EXERCISE AIM:
Below are some records. Return exactly the lines from the one containing "Steven + Ashley, a" through the one containing "Snow White Costume, Women's", both included, and only those.

DATA FOR ANALYSIS:
....
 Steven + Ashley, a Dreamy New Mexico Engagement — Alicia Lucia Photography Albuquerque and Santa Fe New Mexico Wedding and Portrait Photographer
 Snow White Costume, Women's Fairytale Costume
....
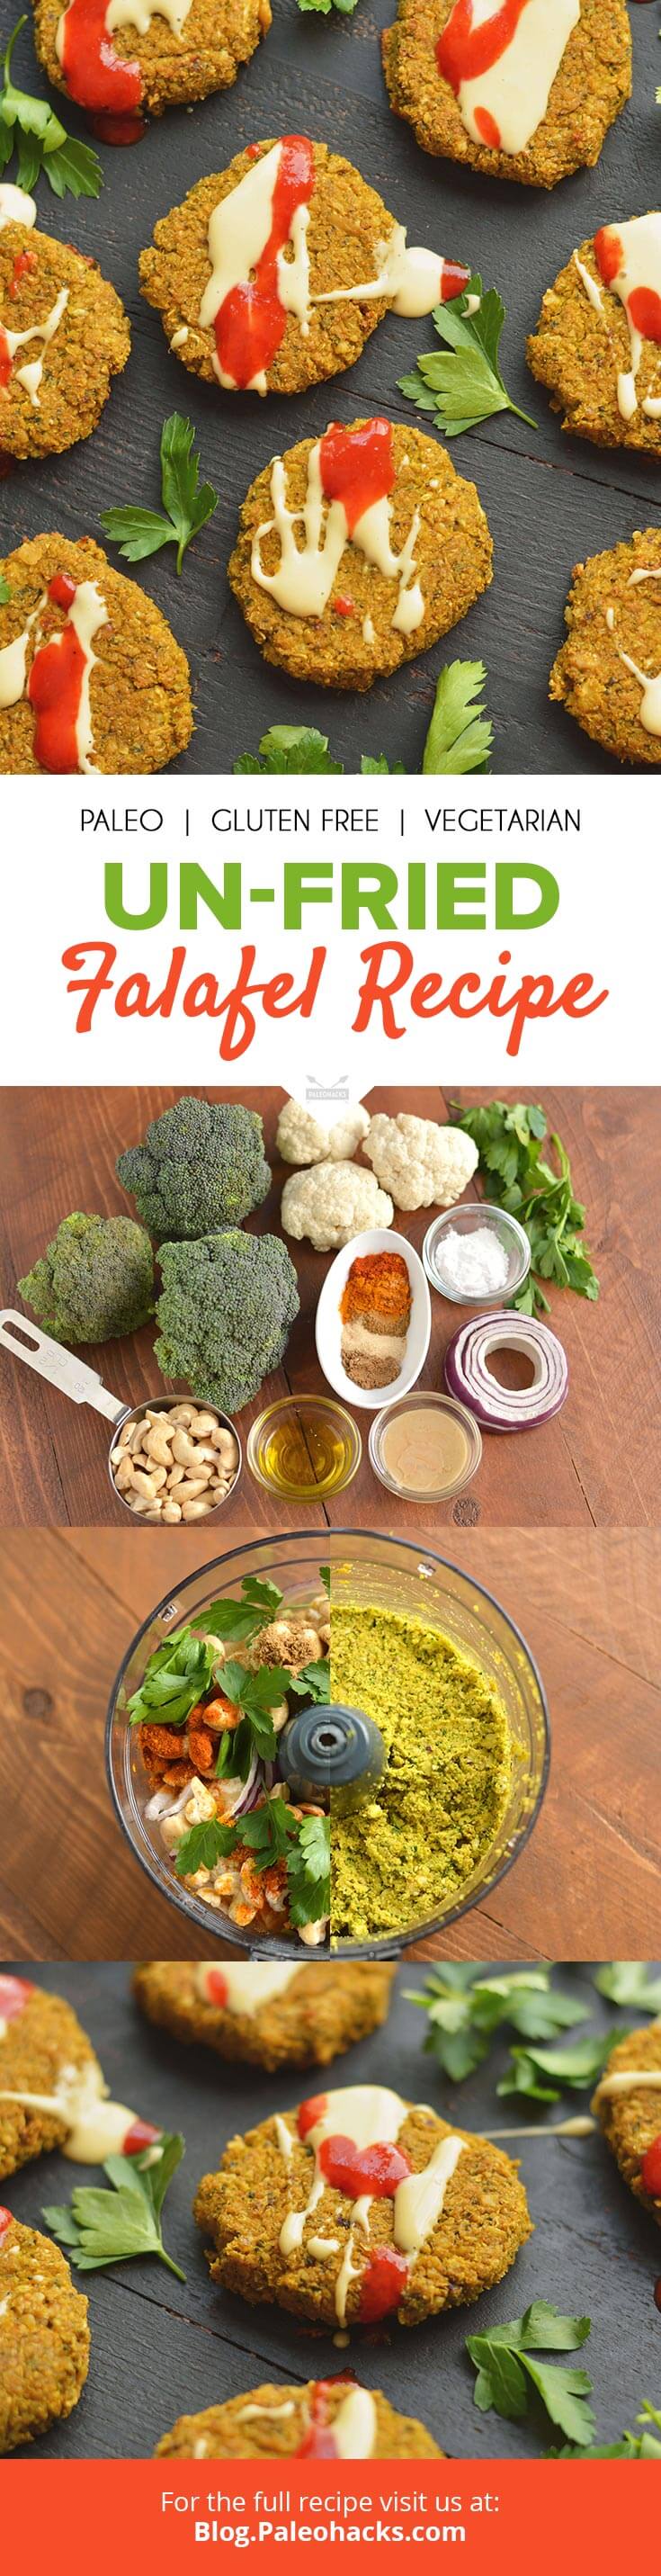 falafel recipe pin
....
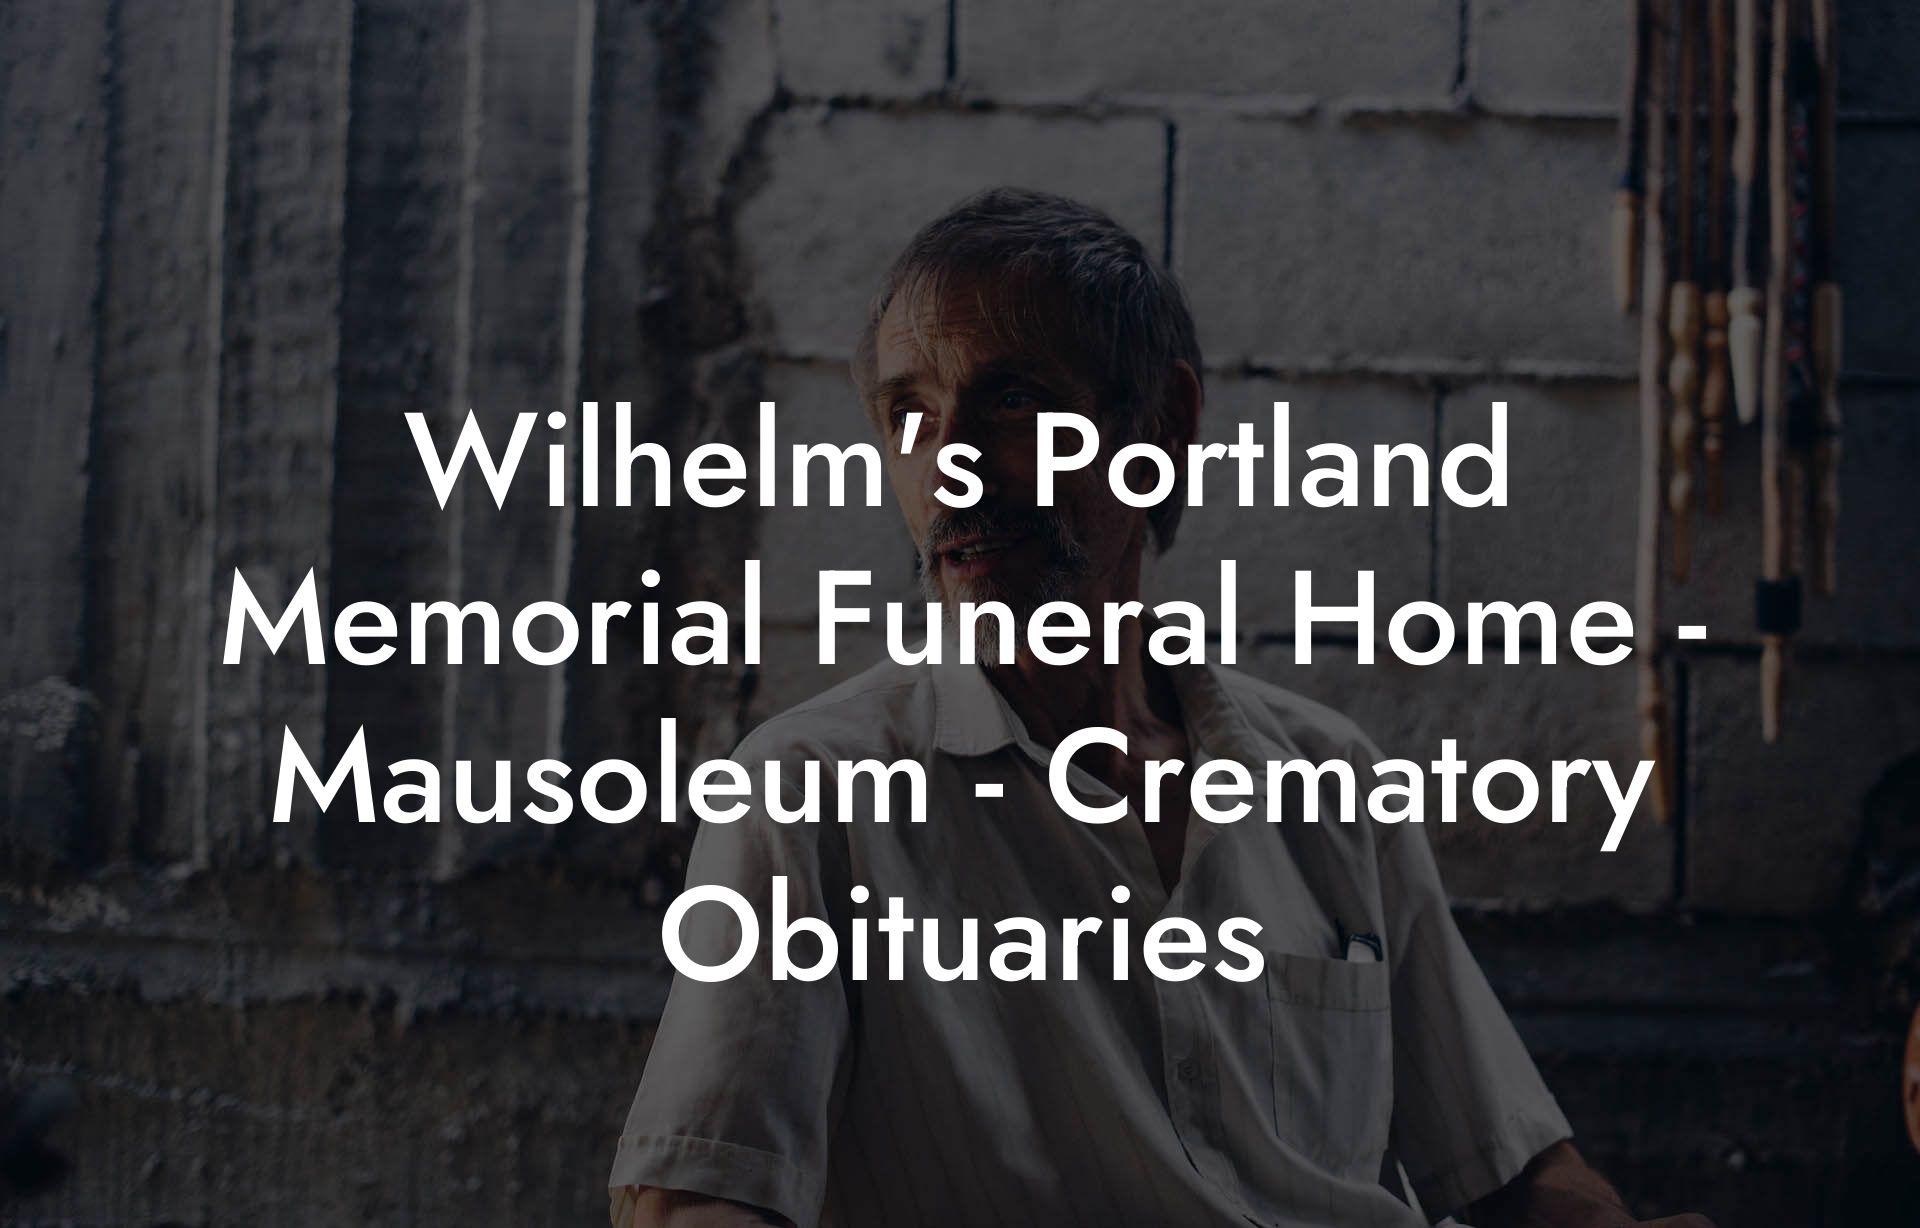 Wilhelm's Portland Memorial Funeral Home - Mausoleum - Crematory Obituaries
....
EXPECTED OUTPUT:
 Steven + Ashley, a Dreamy New Mexico Engagement — Alicia Lucia Photography Albuquerque and Santa Fe New Mexico Wedding and Portrait Photographer
 Snow White Costume, Women's Fairytale Costume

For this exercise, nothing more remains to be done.